The first purpose of this article was to reproduce the results from the simulation of Leth-Steensen and Gallitto (2016) to confirm the findings of the original study. The two replication simulations that we carried out generally replicated the results from the original study and demonstrated that the correlations between the a and b paths in these simulations were negative on average thus leading to underpowered tests of the mediated effect when ignoring these correlations. When using the BC bootstrap standard error in a test of significance of the mediated effect, the power to detect this effect was much lower than the test of joint significance. This result occurred because dividing the point estimate of the mediated effect by the bootstrap standard error assumes that the sampling distribution of the mediated effect follows a normal distribution, which is not true at small to moderate sample sizes and with small to moderate effect sizes. Further evidence for the inappropriateness of the normality assumption for the distribution of the mediated effect is the similarity of power values of the asymptotic normal theory test and the BC bootstrap significance test. Even though the standard errors in the significance tests of these two methods are different, both these methods assume that the sampling distribution of the mediated effect is normal, which results in lower power to detect the mediated effect than methods that do not assume that the sampling distribution of the mediated effect is normal.

The second purpose of this article was to compare the power and Type 1 error rates of the BC bootstrap interval estimation and BC bootstrap significance test approaches, and to demonstrate the accurate way to use the BC bootstrap procedure when testing the significance of the mediated effect. To clarify, the BC bootstrap ought to be used to construct confidence intervals for mediated effects and not be used to obtain an estimate of the standard error of mediated effects via bootstrap sampling variability to use in testing the significance of the point estimate, ab. The replication studies found that the BC bootstrap confidence intervals were the most powerful test of the mediated effect, which is consistent with prior research (M. W. Cheung, 2007; Fritz & MacKinnon, 2007; Hayes & Scharkow, 2013; MacKinnon et al., 2004). Also consistent with prior research are the slightly elevated Type 1 error rates that were observed with the BC bootstrap confidence intervals. While consistent with prior research, these findings are informative because most prior research on the power and Type 1 error rates of different methods for detecting mediated effects focused on models that were not SEMs (Hayes & Scharkow, 2013; MacKinnon et al., 2004). Therefore, these findings build on prior research by extending the existing literature on power and Type 1 error rates of the mediated effect to SEMs (see also M. W. Cheung, 2007 and G. W. Cheung & Lau, 2008).

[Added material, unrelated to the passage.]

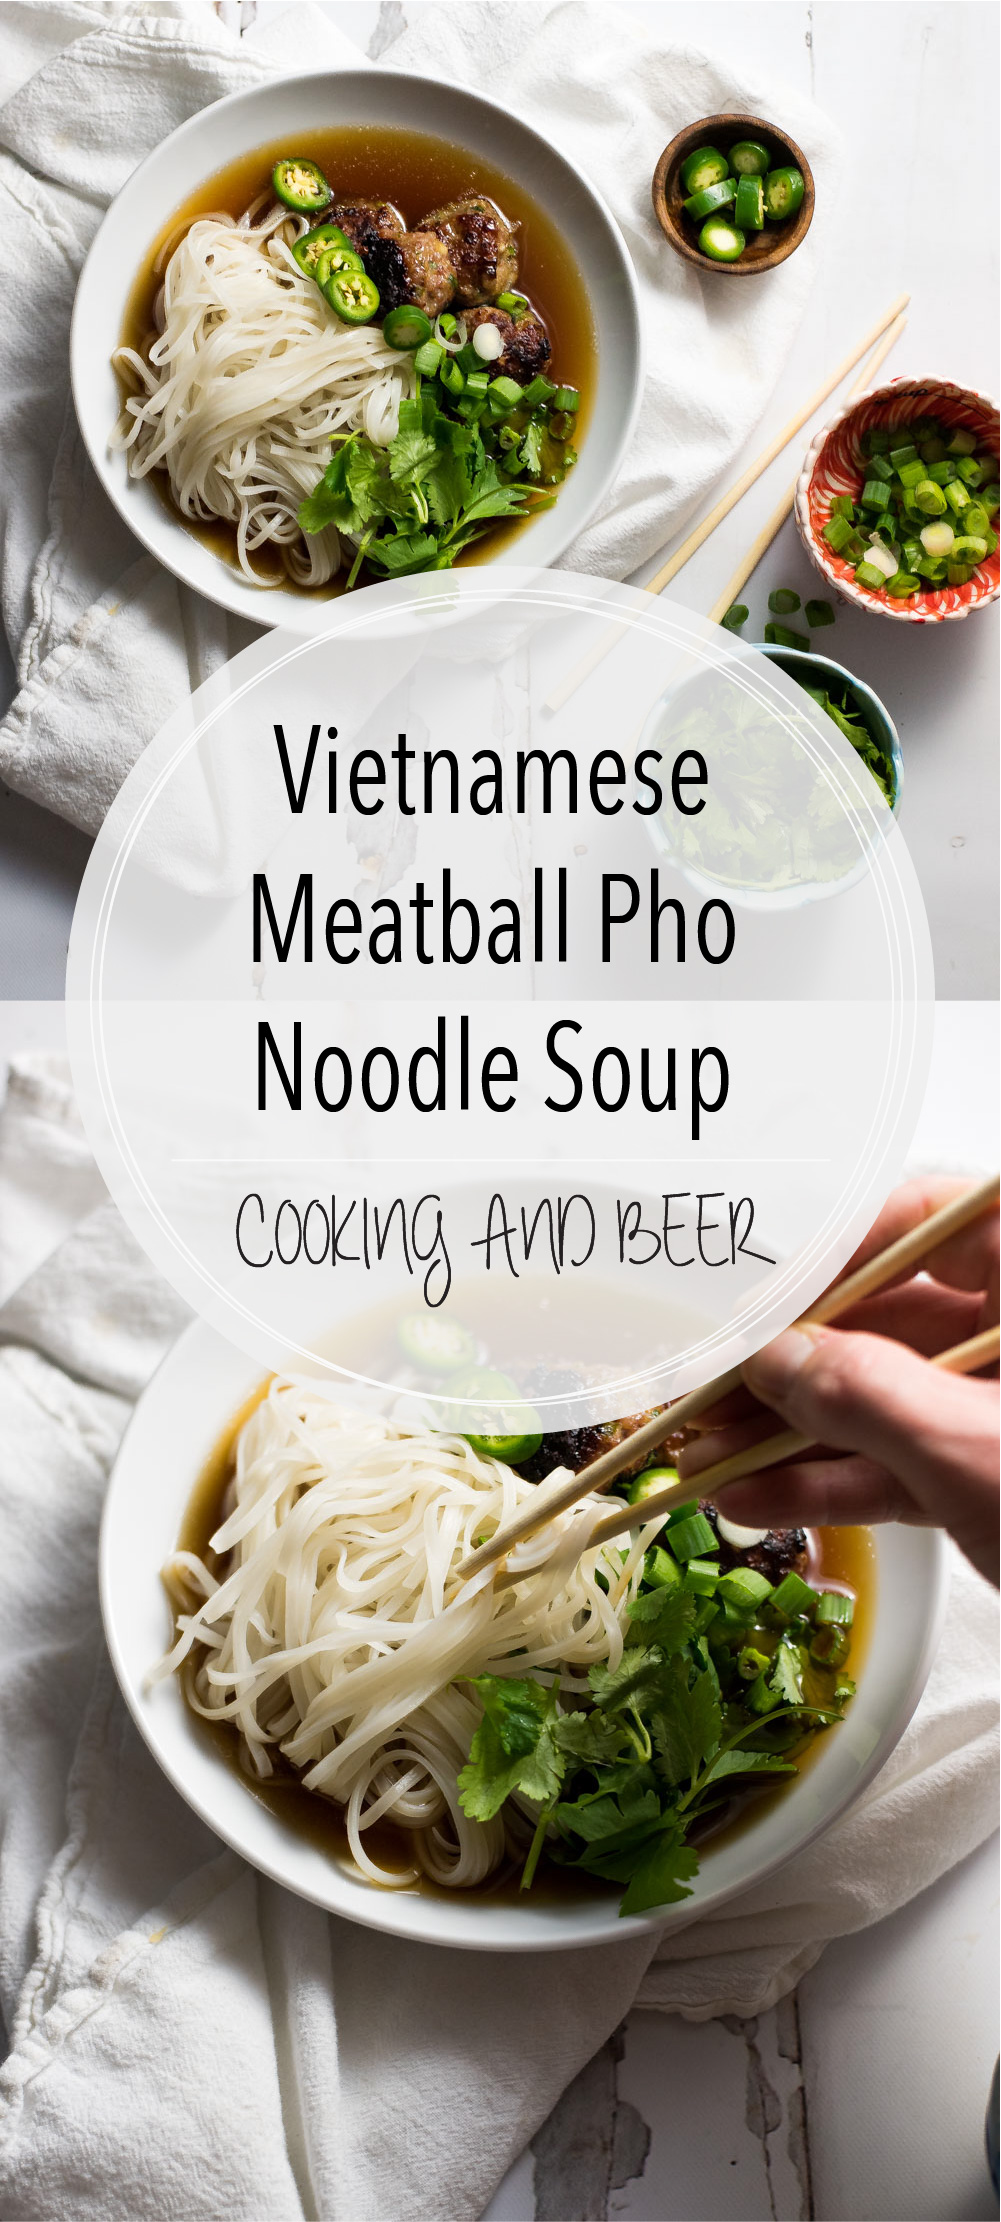 Vietnamese meatball pho noodle soup (pho bo) is a comforting way to warm you up this winter. The meatballs set this pho apart and are super flavorful!
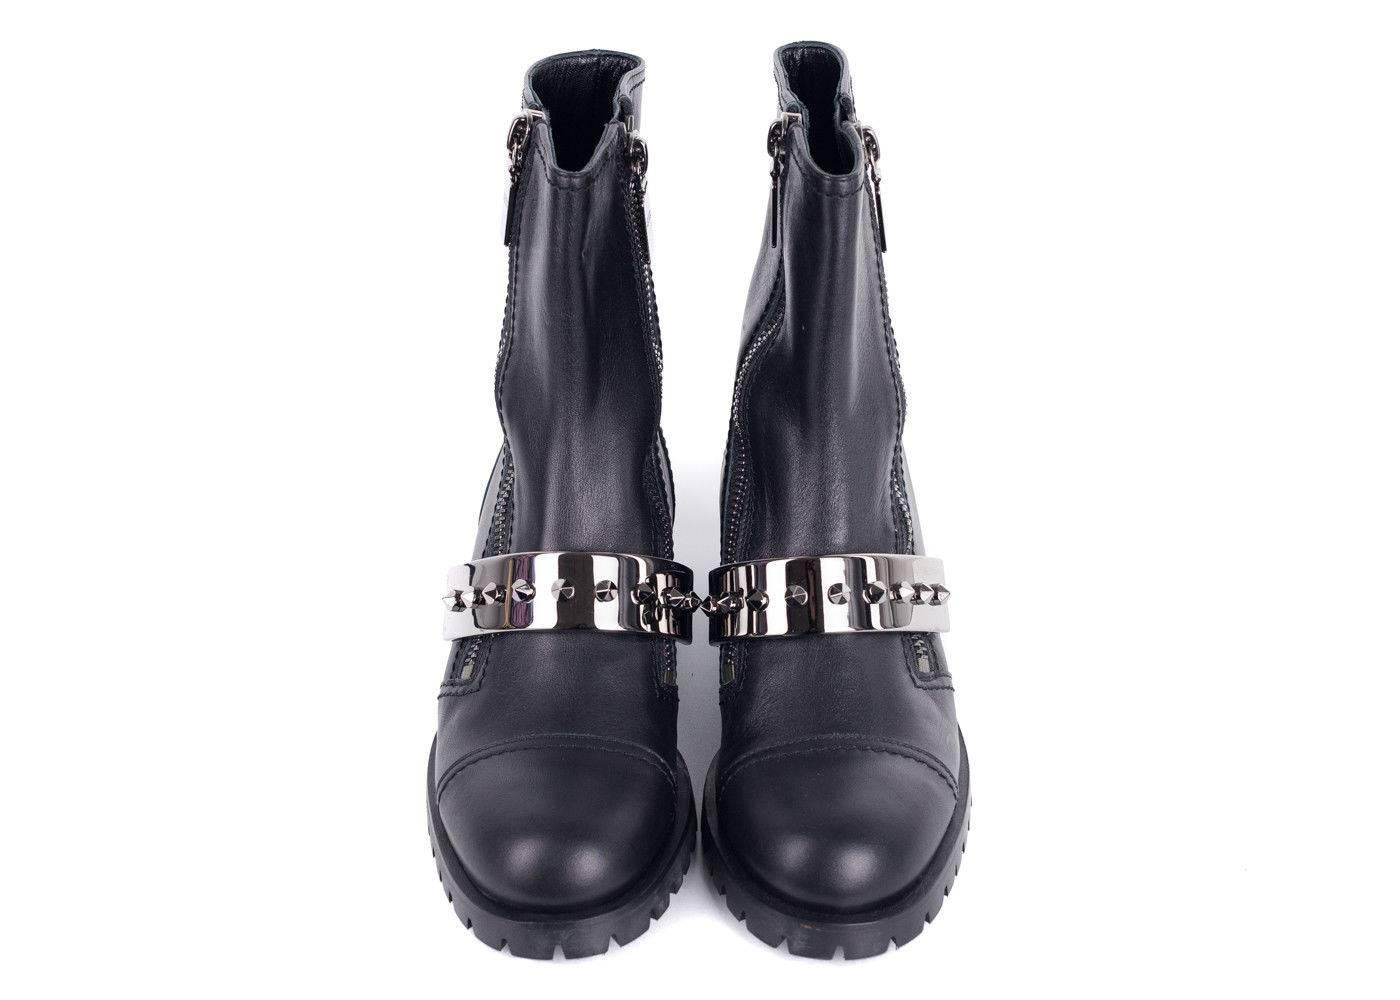 Take a stride in your Alexander McQueen Combats in Confidence. These high quality leather booths feature dual zippered sides and a striking cone studded metal band. Pair these boots with dark denim and a loose fitting sweater for that effortlessly

The third purpose of this article was to evaluate methods other than the test of joint significance and BC bootstrap for testing the significance of mediated effects in SEMs. These other methods included the percentile bootstrap, the distribution of the product method, the Monte Carlo method, and the asymptotic normal theory test. These methods were investigated because they each take into account the correlation between the a and b paths in SEMs either analytically (distribution of the product and normal theory methods) or indirectly (percentile bootstrap and Monte Carlo methods). The percentile bootstrap, distribution of the product, and Monte Carlo methods performed similarly to each other and had higher power than the asymptotic normal theory test. These methods also had more accurate Type 1 error rates than the BC bootstrap confidence interval method, which is consistent with prior research (Hayes & Scharkow, 2013; MacKinnon et al., 2004).

Recommendations

Because the a and b paths computed in SEMs are potentially correlated with one another, it is recommended that researchers test for significance of mediated effects and create confidence intervals for mediated effects in SEMs with one of the methods that accurately take into account this potential correlation. Methods that accurately take the correlation into account and would be more powerful than the test of joint significance for SEMs are the distribution of the product method with asymmetric confidence intervals, percentile or BC bootstrap confidence intervals, or Monte Carlo confidence intervals. Although the BC bootstrap confidence intervals method has been demonstrated to be a powerful method for detecting mediated effects, they can result in Type 1 error rates higher than the nominal level of 0.05 (M. W. Cheung, 2007; Fritz et al., 2012; Hayes & Scharkow, 2013; MacKinnon et al., 2004). Therefore, care should be taken when using the BC bootstrap confidence intervals to assess mediated effects when either the a or b path is small, the other path is zero, and the sample size is large (e.g., N > 500) or when either the a or b path is moderate to large, the other path is zero, and the sample size is moderate to small (e.g., N < 500; Fritz et al., 2012).

Limitations

This study was limited because it did not directly manipulate the correlation of the a and b paths. When the a and b paths are correlated, the point estimate of the mediated effect and the standard error of the mediated effect are both affected by this correlation. A correlation between these paths can occur in SEMs (MacKinnon, 2008) and correct methods for testing the significance of mediated effects need to take this correlation into consideration either analytically or indirectly (e.g., bootstrap methods). Ideally, a manipulated factor in the simulation study would have been the size of the correlation between the a and b paths to help determine the effects the magnitude and sign of the correlation on power and Type 1 error rates of the mediated effect for the methods presented in this article. It is expected that the methods that do not take this correlation into account (i.e., the test of joint significance) may be generally inaccurate compared with methods that do take this correlation into consideration for the estimation of mediated effects.

Future Directions

One future direction is to derive a test of joint significance that can take the correlation between the a and b paths into account. One way to do this is to adjust the estimate of the b path based on its dependence with the a path so that the test of significance of the b path represents the test of significance of a conditional relation on the a path instead of assuming that the a and the b paths are independent. If the test of joint significance can be adapted to handle this correlation, the method should be more accurate, and thus, more powerful for testing mediated effects in simple SEMs that have two-path mediated effects and will be comparable with the methods that either analytically or indirectly take this correlation into account.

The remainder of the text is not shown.